Не уточнял, знал, о ком речь. Время проматывалось, прокручивалось для меня отнюдь не вхолостую. Я жадно оглядывал его жилище. В большой комнате во всю ширину – ковер на полу, с драным краем. Немецкое пианино из Шверина – «А! Расстроенное!» Платяной шкаф слева при входе, на нем – шляпа. Никелированные спинки полуторной кровати бросаются в глаза. Подумал: пожалуй, знак бедности... Деревенские сундуки, обитые жестью – из довоенных лет, – составлены в углу буквой Г, дешевые дорожки на них. Нигде ни одной книги! И видно, что женщины нет. Хотя мыто. Я знал уже: жена умерла, но есть пришлая Валька. Живет, а надоест – ссорится и уходит; обещает, что навсегда: «У тебя за всеми грязь возить – не перевозить! Тебе уборщица нужна, а не я!» – повторяет Элем ее слова со своей особенной, режущей, усмешкой. Десять лет, что ли, вместе. Отвечал ей: «Ну, ты свое получаешь. Ведь получаешь?»

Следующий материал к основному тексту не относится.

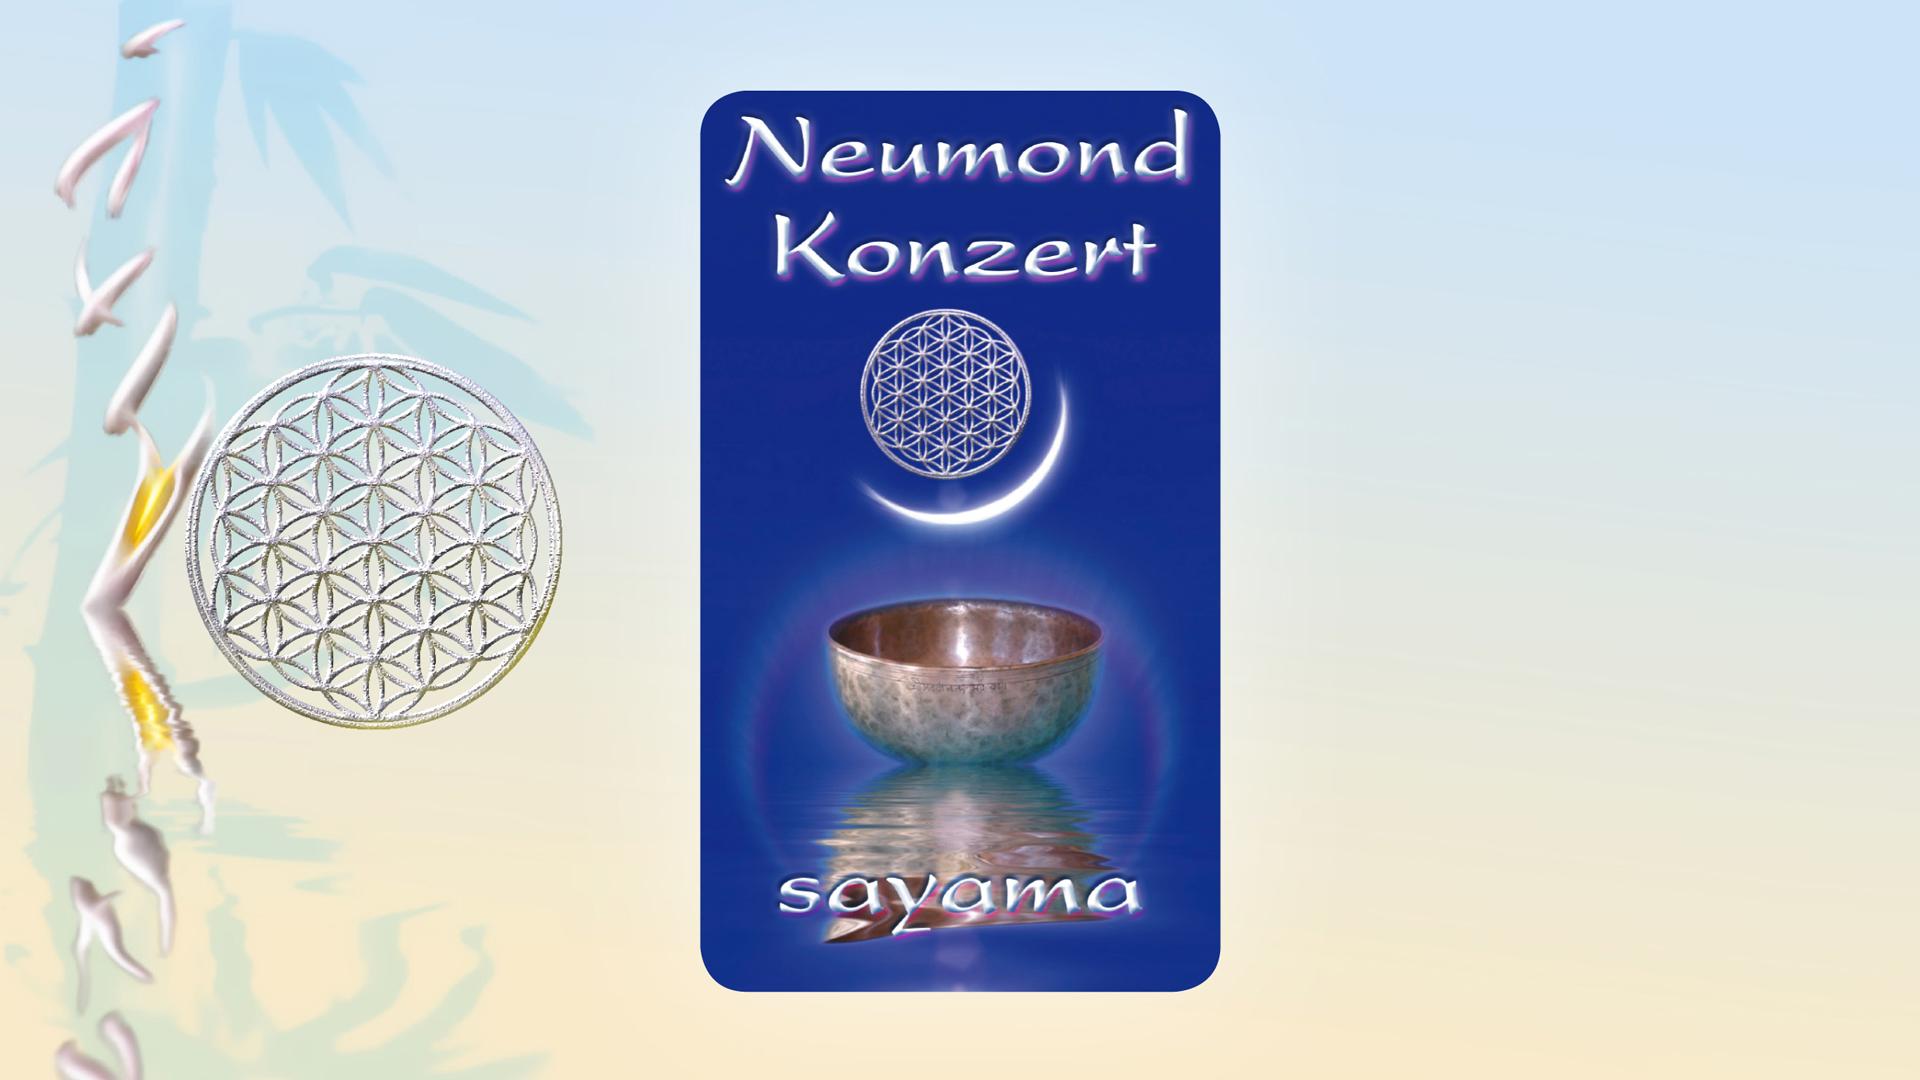 NeuMond~Konzert Mitte Februar im Zeichen Wassermann / Uranus

Пришел Занин, и мы сидели теперь в малой комнате за круглым столом, накрытым клеенкой. Венские стулья. Телевизор черно-белый, на стенке – динамик-«маячок», зудевший негромко фоновой музыкой, прорывавшейся речью. И еще одна послевоенная кровать с высокими спинками. Со взгляда на нее и возник в разговоре герой и генерал Вука. «Вука, – повторял Элем, – Вука!..» Когда-то переночевал на этой кровати. Не убоявшийся, по слову Элема, клопов, «этих самых друзей, которые прячутся», не побрезговавший. «Я же солдат!» – сказал Вука. Элем жил по-солдатски, по-деревенски. Откуда, меня интересовало, Вука взялся? Сопровождал, кажется, известного командарма, приезжавшего в город с инспекторской проверкой. Может быть, путаю. Но где-то, между Вукой и командармом Василием Ивановичем, человеком горячим, размашистым, в рассказе появлялся подставной «дикий» козел Василек. Следовало что-то смешное о Васильке, охотничьем азарте командарма, впрочем, соединявшееся с давними – служебными! – страхами... Элем как раз не смеялся. Про Вуку: скажи он сейчас: «Прыгай с пятого этажа!» – прыгнул бы не задумываясь.
– Уважаю Вуку! – горячо говорил Элем, лицо его было багрово. И снова: – Скажи он: «Прыгни!» – прыгну!..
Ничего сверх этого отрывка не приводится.